PROVIDED ENTRIES ▸

__________

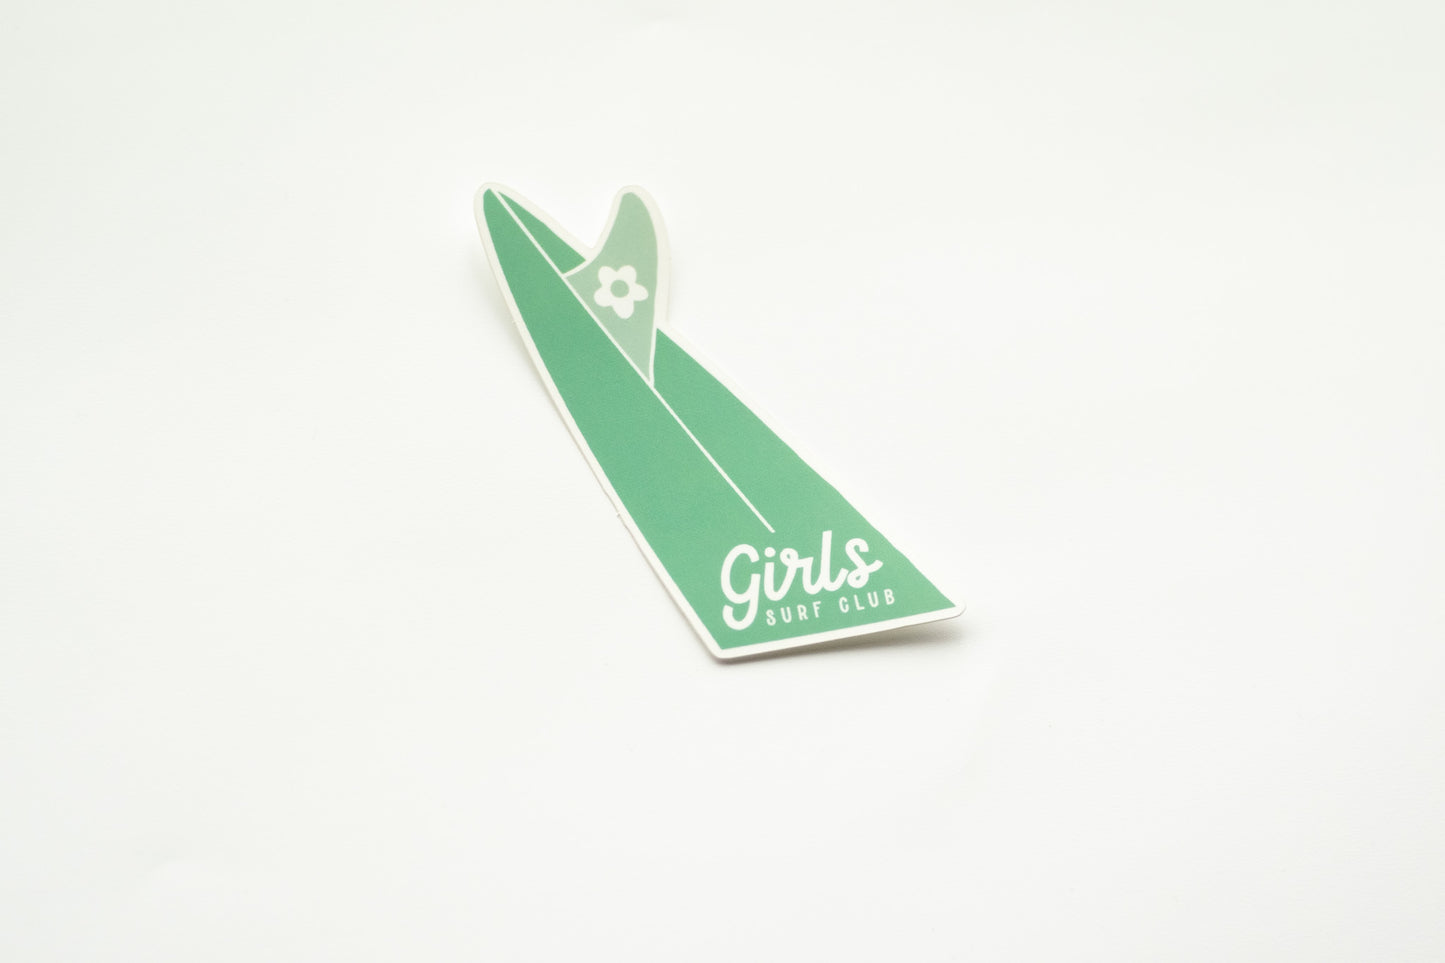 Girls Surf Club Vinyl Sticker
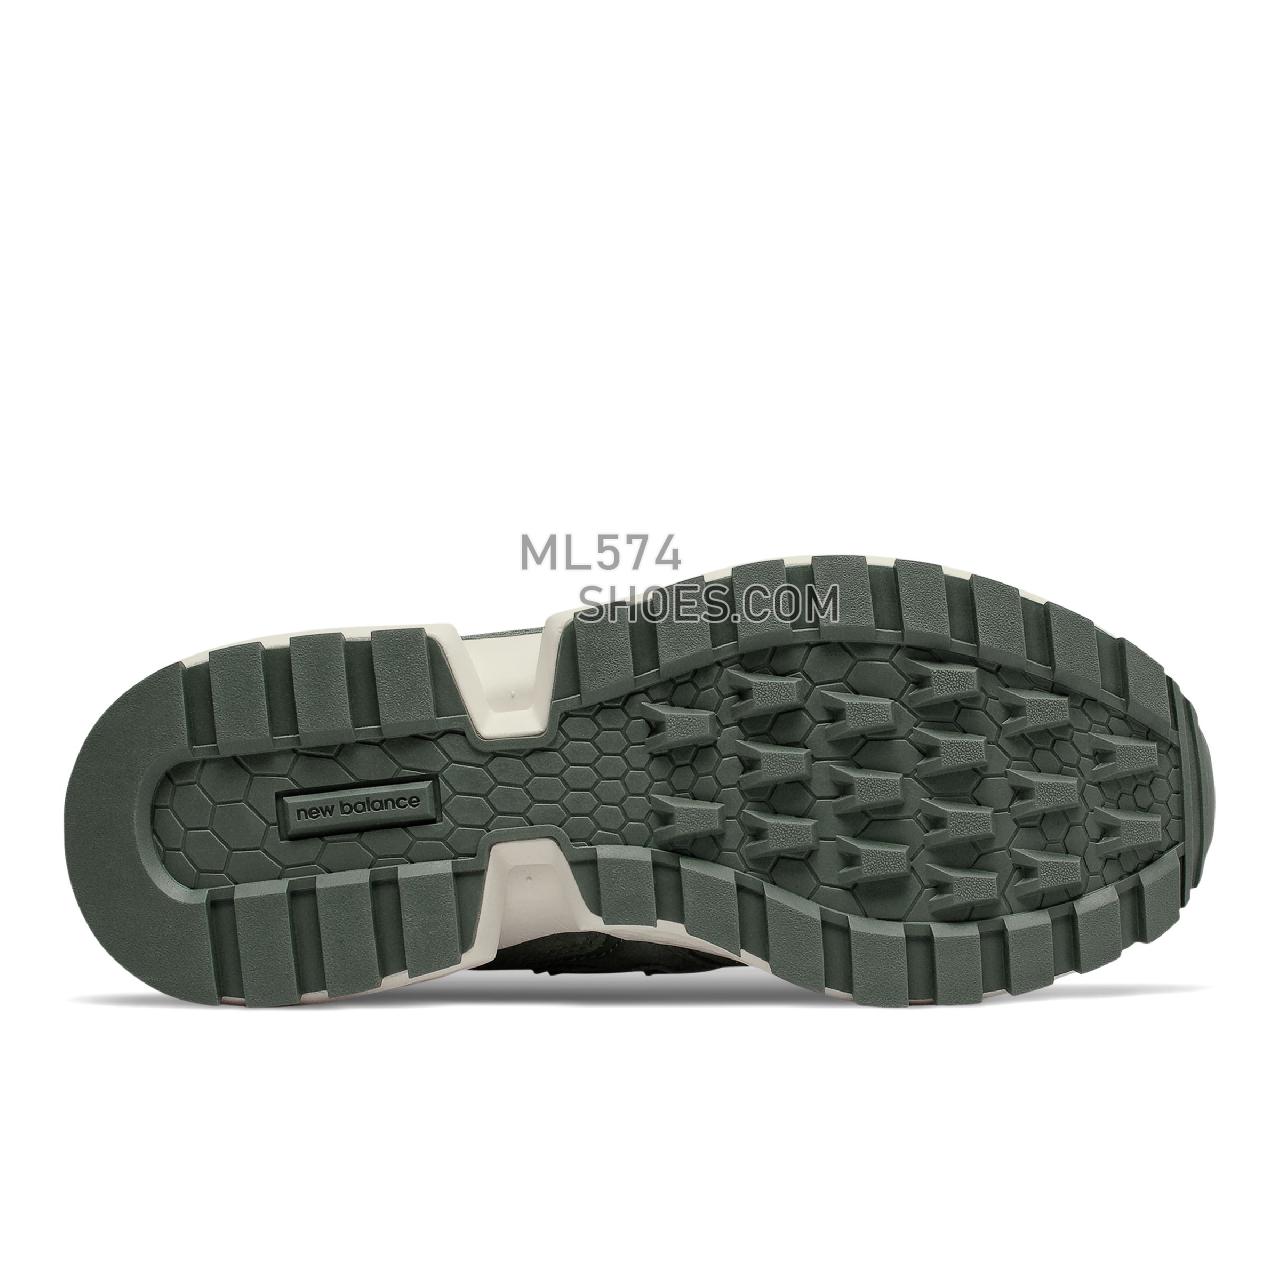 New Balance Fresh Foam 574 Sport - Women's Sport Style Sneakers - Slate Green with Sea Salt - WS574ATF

__________

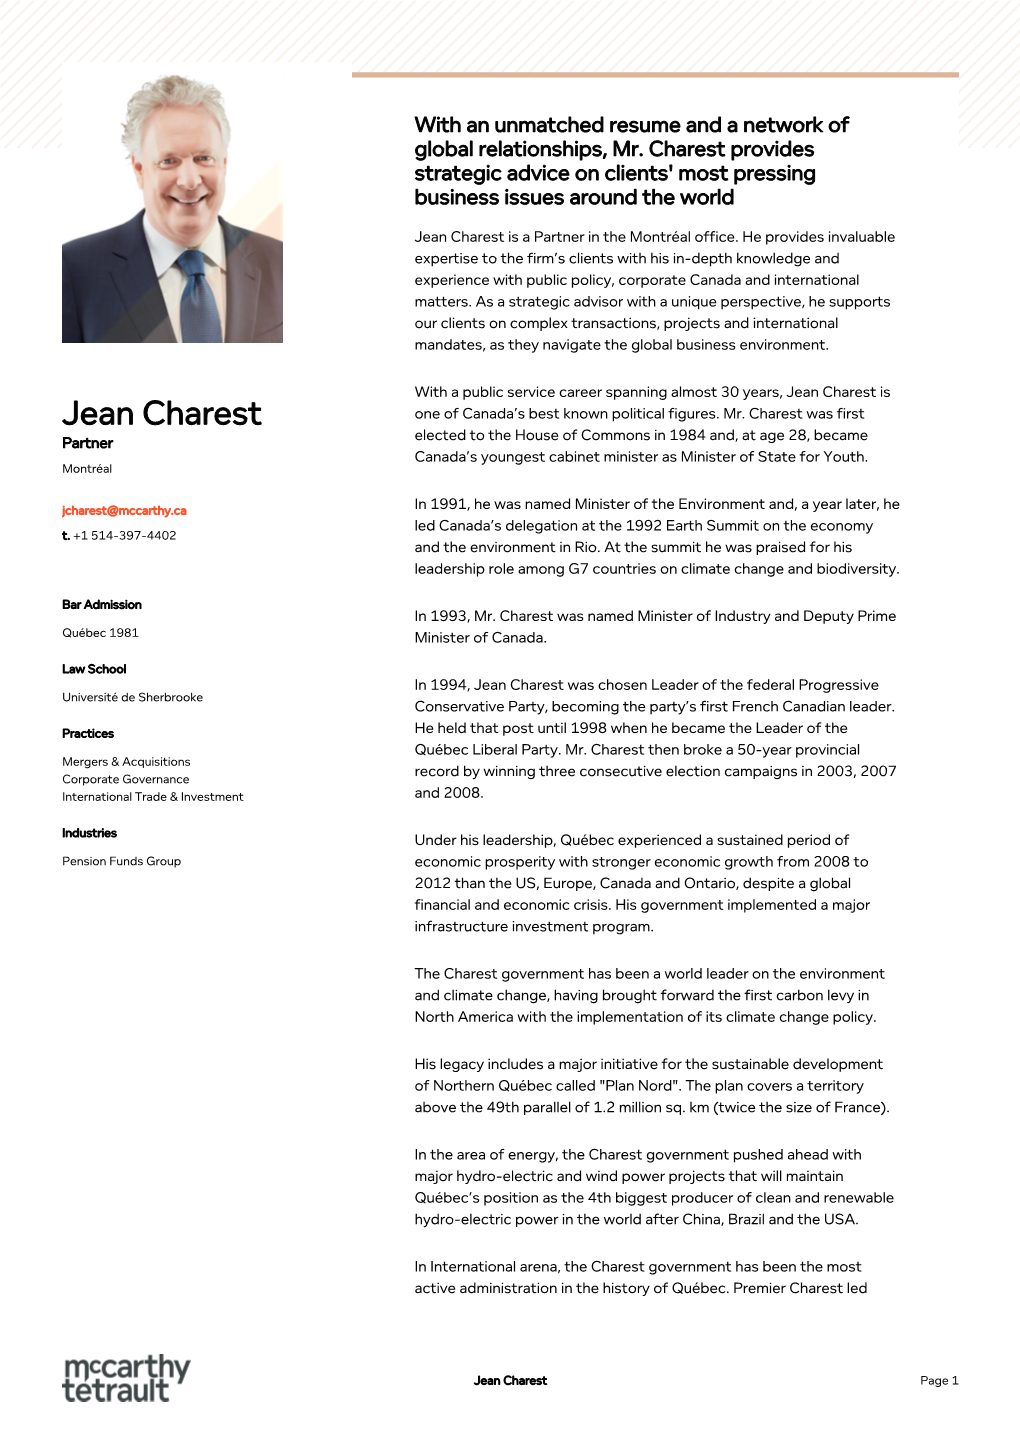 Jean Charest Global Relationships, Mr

__________

TASK BRIEF ▸
From the records above, output only the lines starting at the one containing "Girls Surf Club Vinyl Sticker" and ending at the one containing "New Balance Fresh", word for word. Pictures stay out.

ANSWER TO THIS EXERCISE ▸
 Girls Surf Club Vinyl Sticker
 New Balance Fresh Foam 574 Sport - Women's Sport Style Sneakers - Slate Green with Sea Salt - WS574ATF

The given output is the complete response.